What are your opinions ? Since I am going to split at an old age manually, it is more important now.
Red, Black and White are Good to Go Green
 
I split a fair bit of mostly Red Oak for the woodstove, 3+ cords most recently. My preferred method green and fresh! I like to use a splitting axe and spit it within hours of cutting the rounds. I can knock out more/faster with a spitting axe on freshly cut oak than I can knock out with a maul if the rounds sit for a couple of weeks, and forget about using a splitting axe at that point. :(

IMHO split it within a day or wait until it's dry (if it doesn't rot before that happens), or buy a gas powered splitter.

The round in the photo below is just a tad bigger than I like to split by hand but it's still doable with a splitting axe, no maul, no wedges needed - as long as it's freshly cut.
20211125_140409.jpg
 
I split a fair bit of mostly Red Oak for the woodstove, 3+ cords most recently. My preferred method green and fresh! I like to use a splitting axe and spit it within hours of cutting the rounds. I can knock out more/faster with a spitting axe on freshly cut oak than I can knock out with a maul if the rounds sit for a couple of weeks, and forget about using a splitting axe at that point. :(

IMHO split it within a day or wait until it's dry (if it doesn't rot before that happens), or buy a gas powered splitter.

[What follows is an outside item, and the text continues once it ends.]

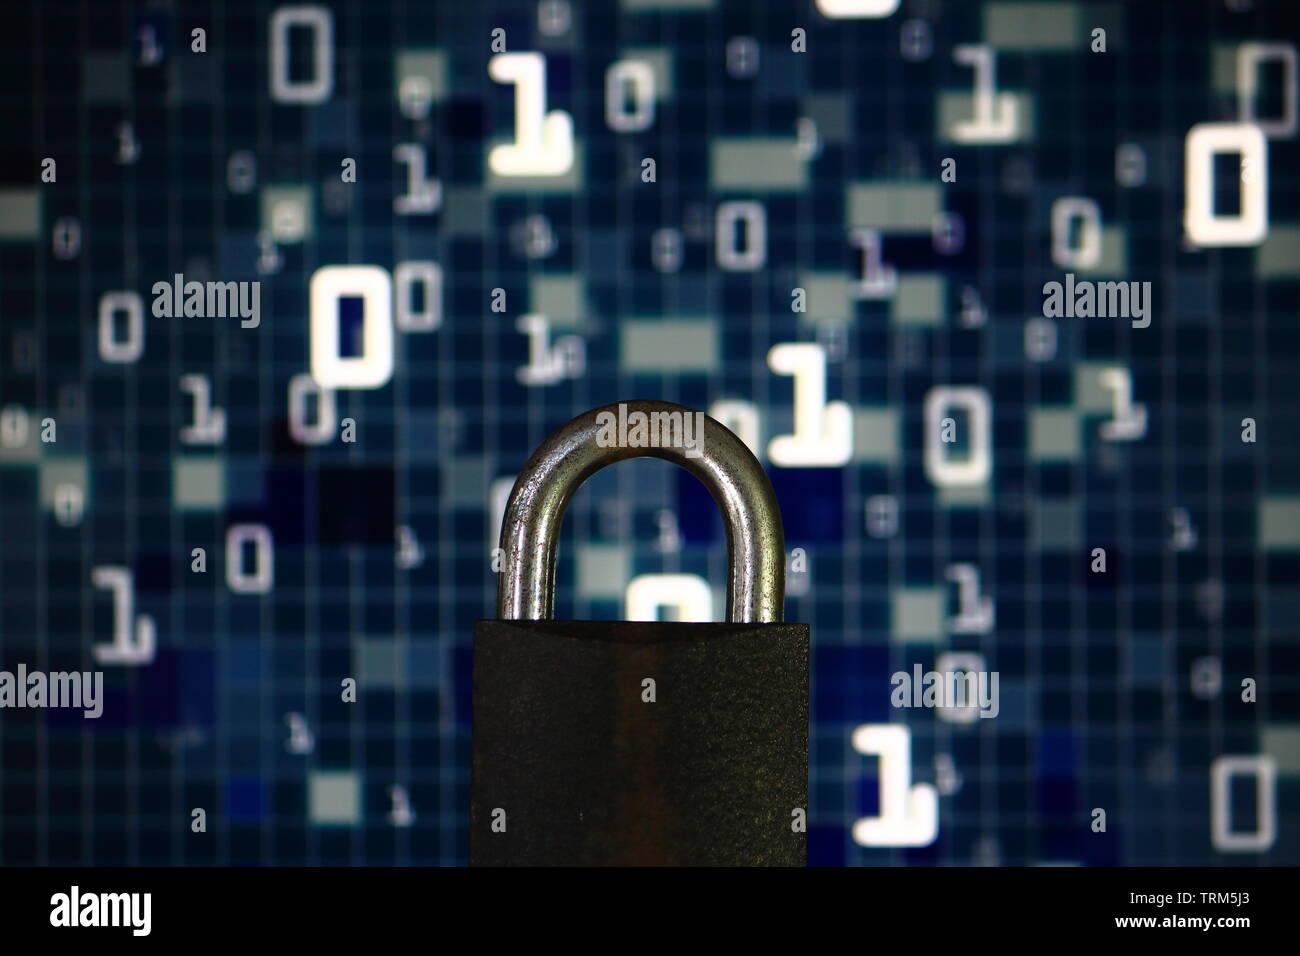 Lenguaje binario matrix ser borrosa ocultar un candado de hierro. signo de protección de la privacidad del equipo. equipo de seguridad y el entorno de internet. Imagen De Stock

AGREE - as soon as it is cut = GO GREEN
 
Manually splitting :

You ever try couple of the big splitting wedges and a maul.
Had one of the big splitting wedges come flying out of frozen green oak once when I hit it with a big maul and the big heavy wedge glanced off my inside ankle bone. I went down like a wet wash rag. I was wearing thick leather top shoe with a thick sock. Would have been bad if ankle not protected somewhat by the high topped shoe. I still feel the pain when I think about such and even more so when I look at that wedge which I still have today. Was couple days before I went back to finish the job and that gave me ANOTHER GOOD EXCUSE to go buy a 37 ton wood splitter.
 
I just brought home a couple truckloads of oak rounds up to 18 in in diameter. I do not have a functioning
splitter other than a maul, sledge and wedges and axe. On a green round about 15inches in in diameter, It took about eight good swings with an 8 pound maul to get it to split. ( three or four hits in the same groove ) I have been splitting wood for many decades and never came to any conclusions about this.
What are your opinions ? Since I am going to split at an old age manually, it is more important now.
Oak develops a lot of natural cracks as it dries. I would let it sit for a year. Then it becomes one of the easiest to split. For large rounds, split flakes from the outside in, rather than trying to split the whole thing in half.
 
Different oaks are completely different animals. Water oak splits easy green or seasoned. Maybe that’s why they love to fall.
Live oak is one of the hardest splitting woods there is. It’s almost impossible to split with an axe green or seasoned. I can split it pretty good if it’s 40 to 50 years seasoned with some good cracks forming.
 
Don’t know I split a lot of red oak live oak and post oak and I have the big wedges and a 16 lb sledgehammer it’s hard when it’s green and I think harder when it’s dry. Sometimes when I get a lot of it I rent a splitter from sunbelt it’s about 140$ for Saturday and Sunday and just knock it all out.